Brecht a vingt-six ans quand il écrit, sur le mode de la farce, cette histoire de soldat dépossédé de son identité et de son nom, comme une métaphore de l’aliénation du petit homme passif et impuissant, ballotté par les exigences monstrueuses d’une société marchande et guerrière.
Bernard Sobel a choisi Denis Lavant pour renouer avec son ancienne complicité brechtienne, le fil rouge de toute son histoire de théâtre.
Monter Un homme est un homme aujourd’hui, quinze ans après la chute du mur de Berlin, alors que toutes les utopies du siècle écoulé semblent appartenir au domaine des songes - ou du cauchemar, c’est selon - c’est revenir mettre ses pieds dans les pas de l’encore jeune auteur Brecht, confronté lui aussi à un réveil brutal - l’après-guerre de 14-18.
Brecht écrit Un homme est un homme sur les ruines de l’humanisme bourgeois : ce massacre de masse de la jeunesse du continent, cette violation généralisée des valeurs du monde occidental, cette remise en cause de l’ordre du monde ancien : redécoupage géographique des pays, changements brutaux des régimes politiques, bouleversement des hiérarchies sociales, tout cela le conduit - avec d’autres - à essayer de penser l’Homme dans des termes nouveaux et d’imaginer les conditions nécessaires à un nouveau départ.
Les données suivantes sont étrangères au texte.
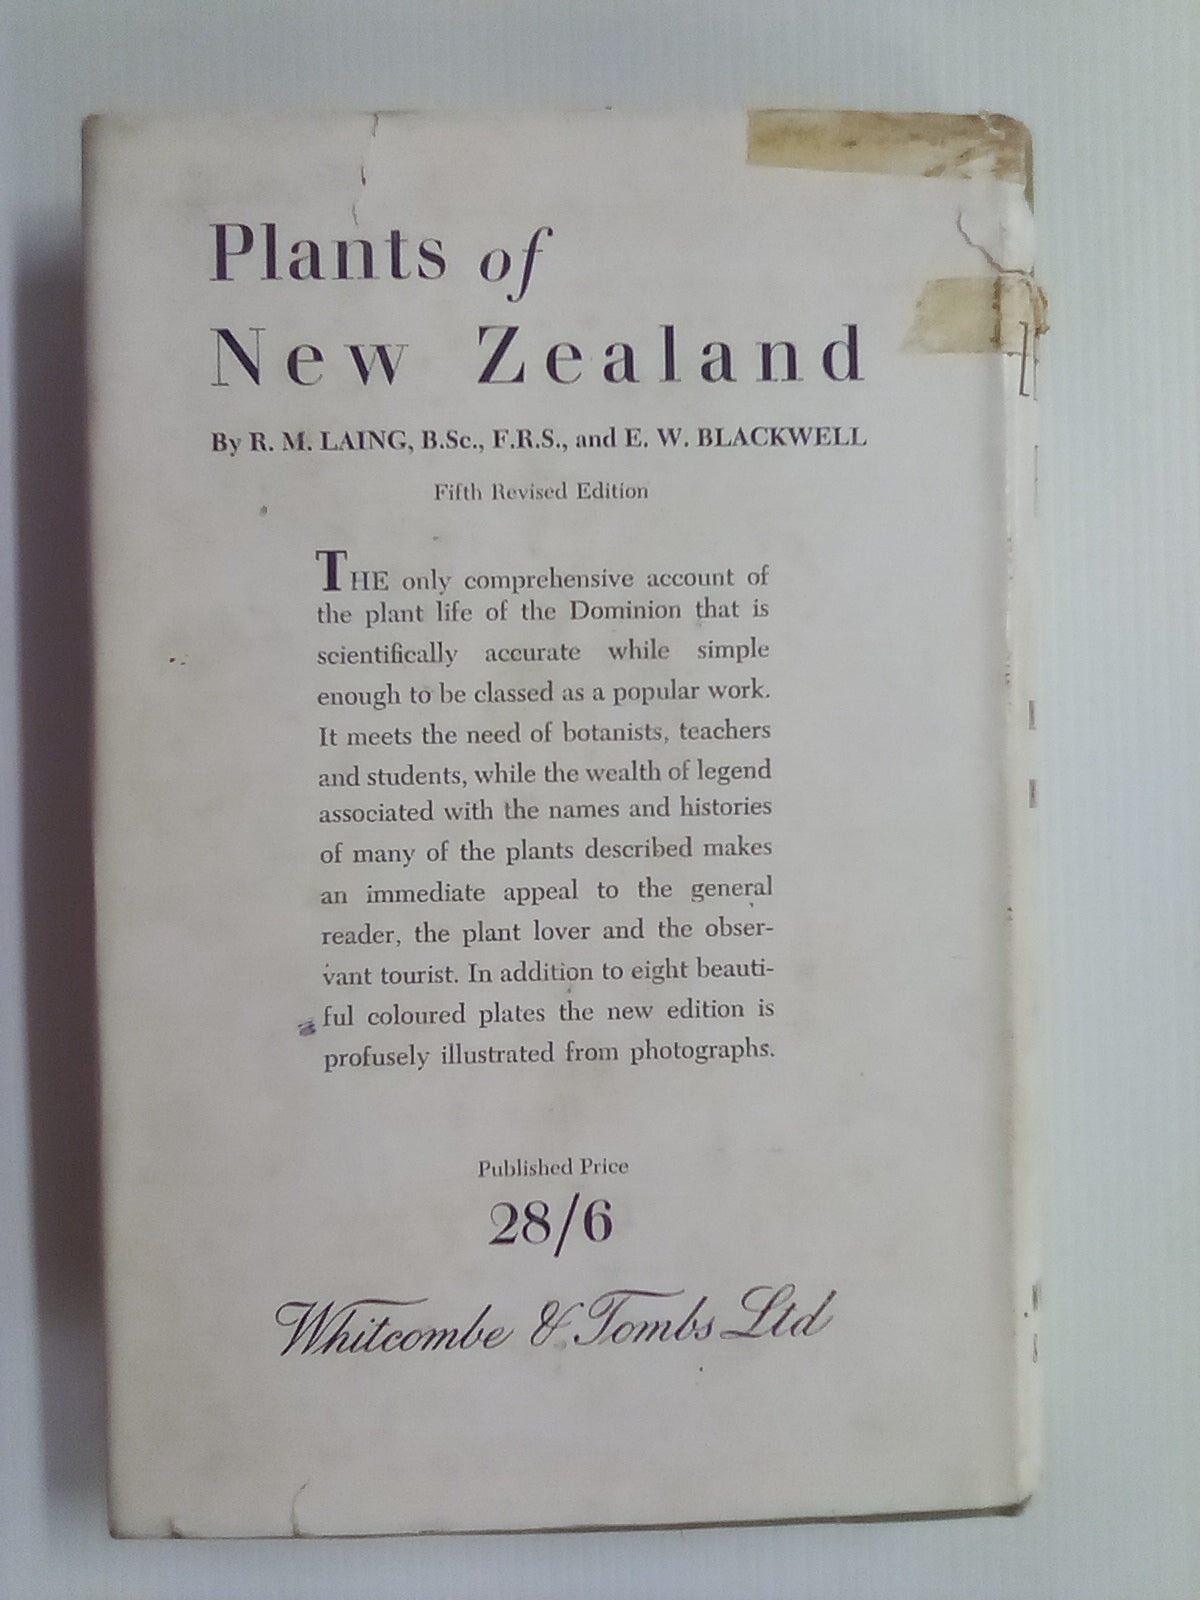 New Zealand Ferns by H.B. Dobbie and M. Crookes (4th. edition 1951)

On est loin du didactisme ultérieur. Brecht n’a pas de théorie, il ne sait pas où ses pas le conduisent. Il pose une hypothèse de départ et suit ses développements. Comme s’il reprenait le personnage de Kragler à la fin de Tambours dans la nuit. Kragler abandonnait les rangs des révolutionnaires spartakistes en train de se faire massacrer et réintégrait avec sa fiancée le cocon petit-bourgeois. Galy Gay sort de chez lui un beau matin pour faire les courses, laissant madame à la maison. Et le petit bonhomme de rien du tout, après une certaine rencontre et toute une série de métamorphoses et d’épreuves, se transforme en un chef de guerre accompli. Transformation peut-être moralement critiquable, mais très avantageuse du point de vue de l’intéressé. Cette issue n’a pas manqué d’embarrasser Brecht. Que cette capacité à changer soit positive est pour lui un postulat, sinon un dogme. Mais changer pour devenir un tueur ?… Brecht reviendra sur la pièce à plusieurs reprises, atténuant la métamorphose en tueur sans la supprimer. Son explication : la capacité de transformation de Galy Gay (de l’Homme) est une force potentiellement révolutionnaire, un dépassement de l’individualisme petit-bourgeois, un gain pour l’individu et pour la collectivité si cette transformation s’accomplit au sein d’un collectif « positif ».
Notre génération a elle aussi rêvé de cet homme nouveau qui n’est jamais, nulle part advenu. Et aux ruines de l’humanisme bourgeois sont venues s’ajouter celles de l’humanisme communiste. Le « vieil homme » est de retour comme jamais, l’obscurantisme religieux revendique avec sa visibilité une respectabilité et une reconnaissance publique, l’insécurité économique et sociale fait retour dans nos sociétés privilégiées, les inégalités de revenus sont de nouveau celles qui existaient avant 1914, l’Homme paraît indécrottablement voué à la répétition.
Dans ce contexte, il nous a semblé utile de revenir à cette expérimentation théâtrale d’un jeune homme du début de l’autre siècle, pour reprendre avec son aide, et dans l’incertitude, un chantier toujours ouvert.
Michèle Raoul-Davis, janvier 2004
Le texte du spectacle est disponible aux Editions de l'Arche, sous le titre Homme pour homme.